Interesting thought. We ran into the same issue working on a recommendation system engine as well and previously tried to build a solution around it. Curious to know what’s driving your interest in post-analysis?
Also, happy to share our learnings of working with a social media customer. For them, key motivation was to understand where the model is failing and hence, understand how to improve it. They started with offline experiments with focus on improving AUC but the graph saturates pretty quickly. While an incremental model improvement didn't lead to a sizeable change in offline metrics, it can impact retention of a certain user group and hence, overall revenue. They are using us to get insights on online experimentation. They have defined custom measures to monitor the distribution of model outputs and are able to determine the difference in model's performance much more effectively as compared to relying on changes in business metrics like retention, revenue, etc. This helps them to find out poor-performing cohorts and roll-out model improvements in weeks, not months. Would also love to hear what issues you ran into?

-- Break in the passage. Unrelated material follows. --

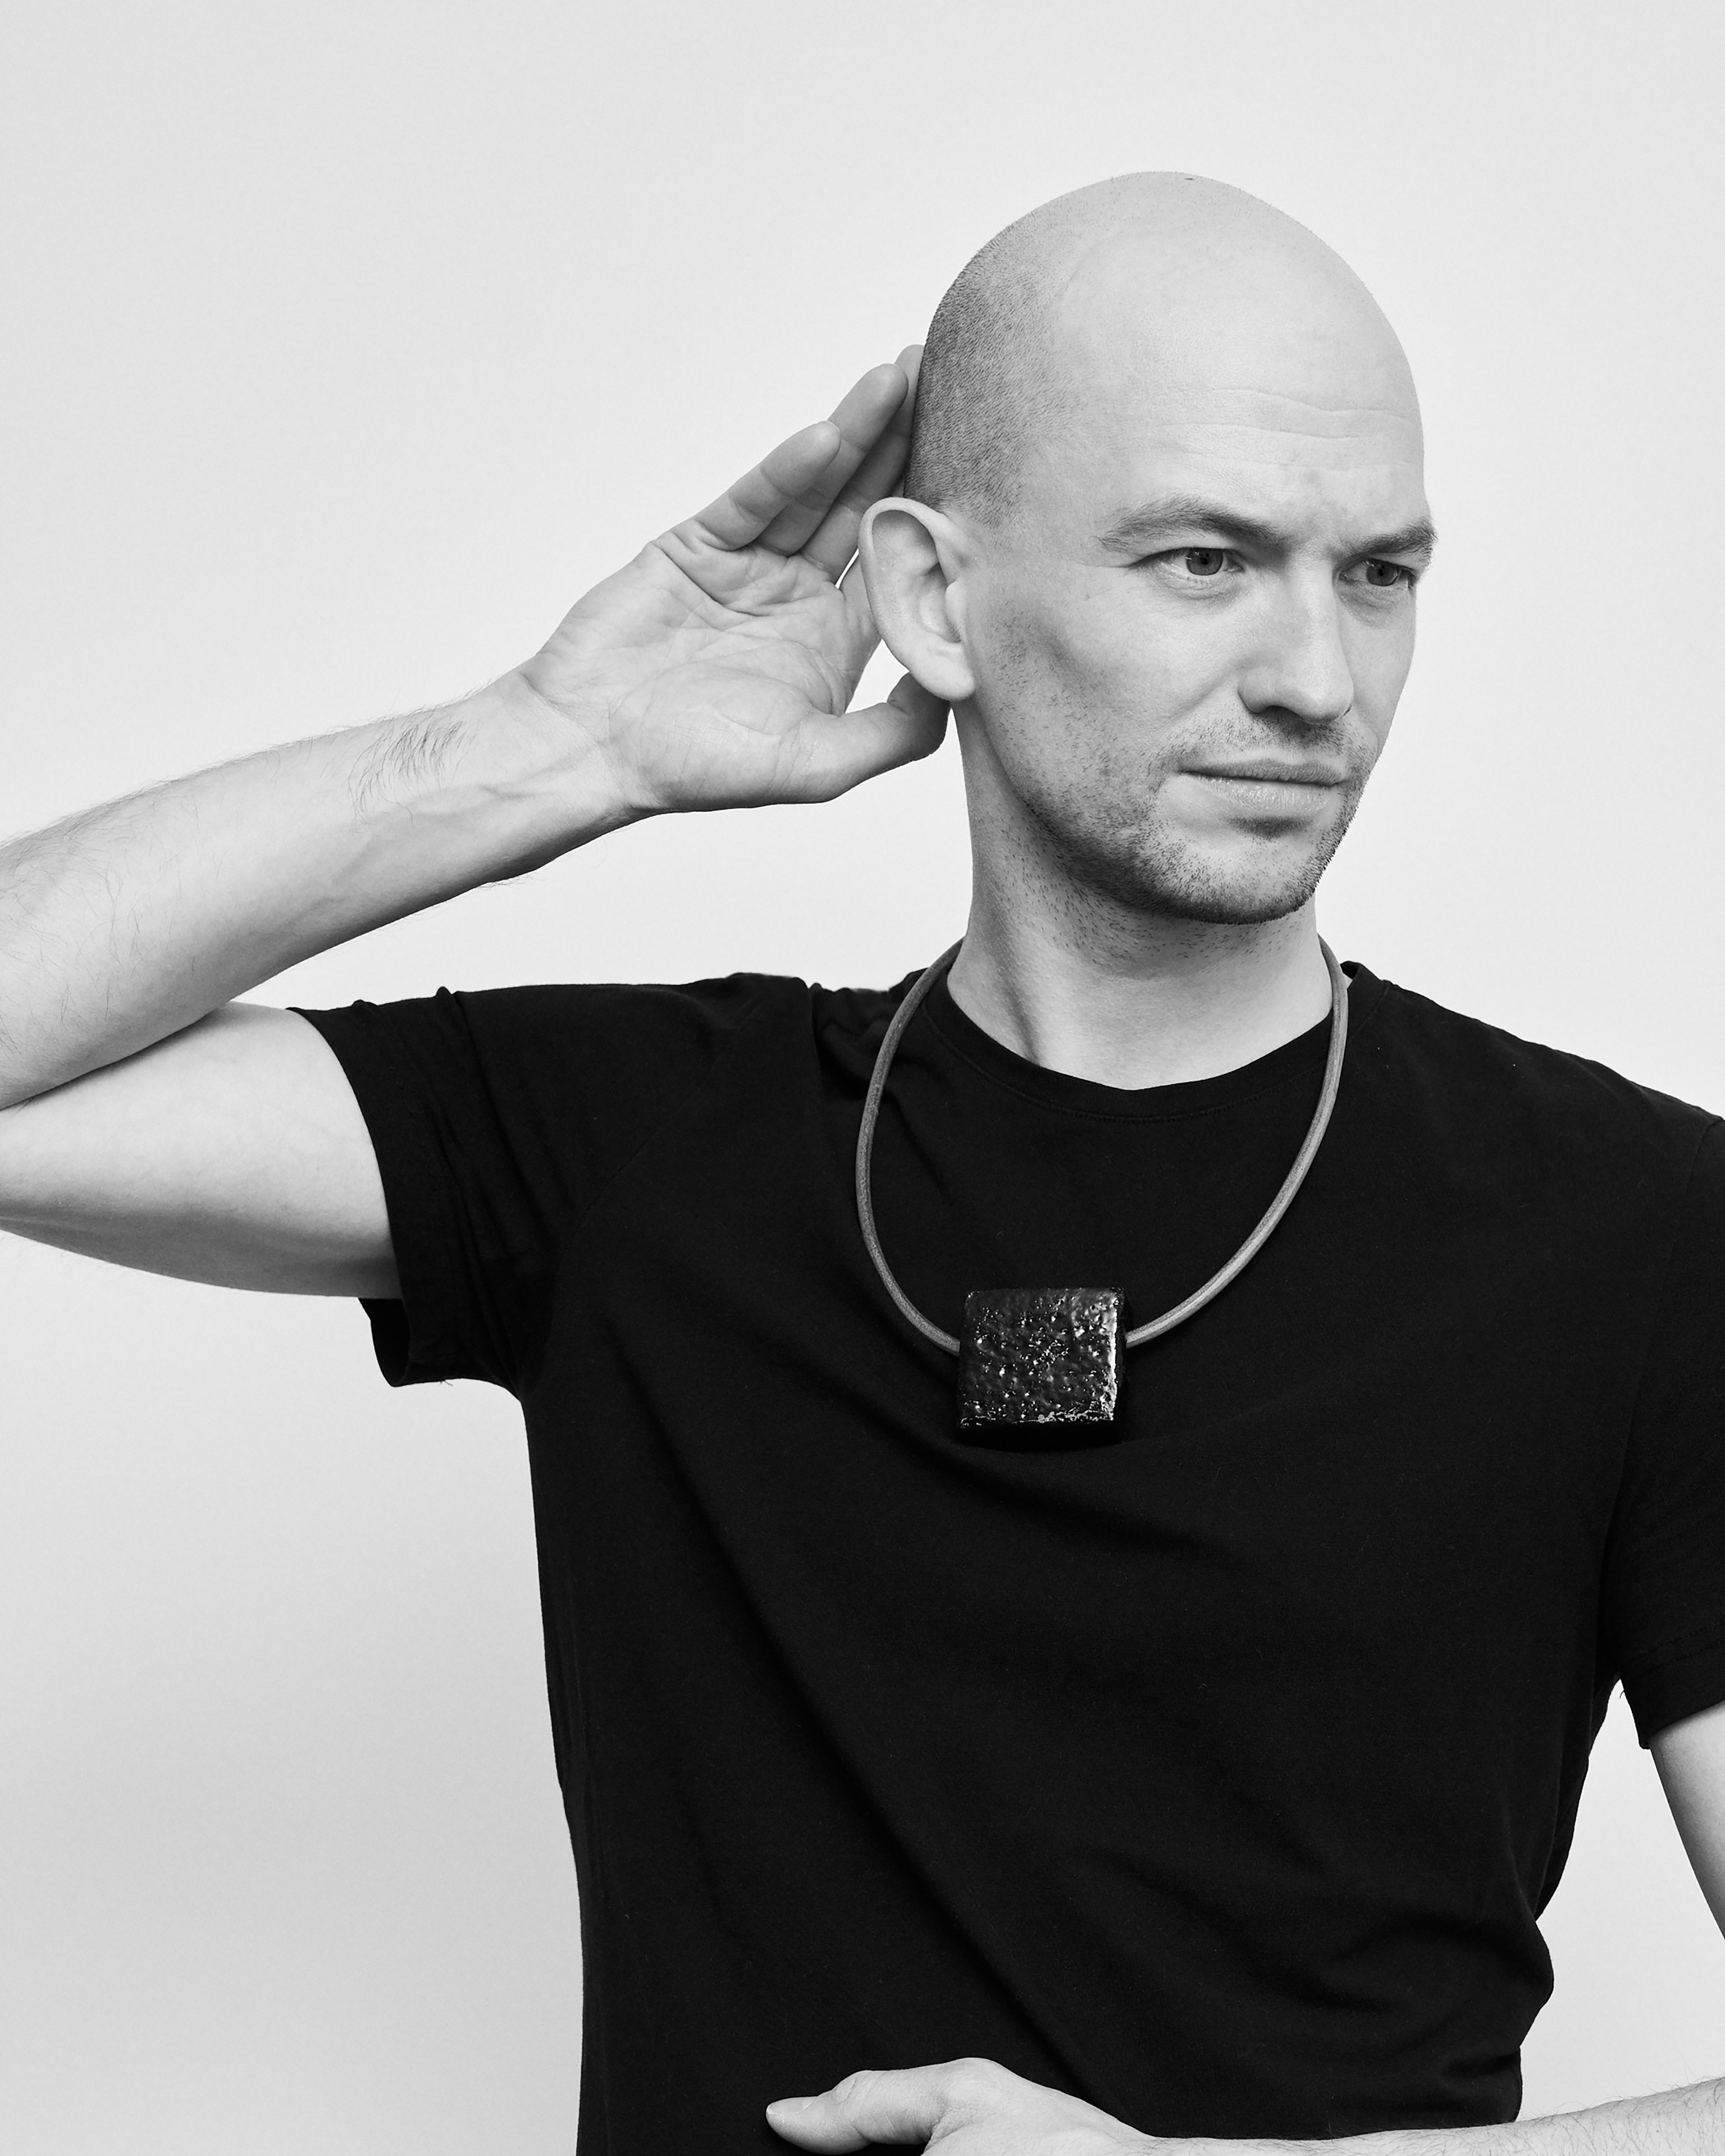 Artist Nick Oberthaler wears a short necklace with a silver ceramic pendant on a leather strap over a black T-shirt, his look is serious

Oh, to be specific, the platform was oriented towards test practice and our objective was to recommend questions in a sequence.
One good strategy that correlated with session length for us was asking questions that were neither too difficult or easy, based on what we knew of the user's level at that instant. The post hoc analysis was really meant to dig into multiple user sessions and see if the current method was working and evaluate counterfactual strategies.
I imagine the Uptrain product could help us segment user cohorts, find out which ones aren't performing super well etc. Would love to hear what you ended up building too?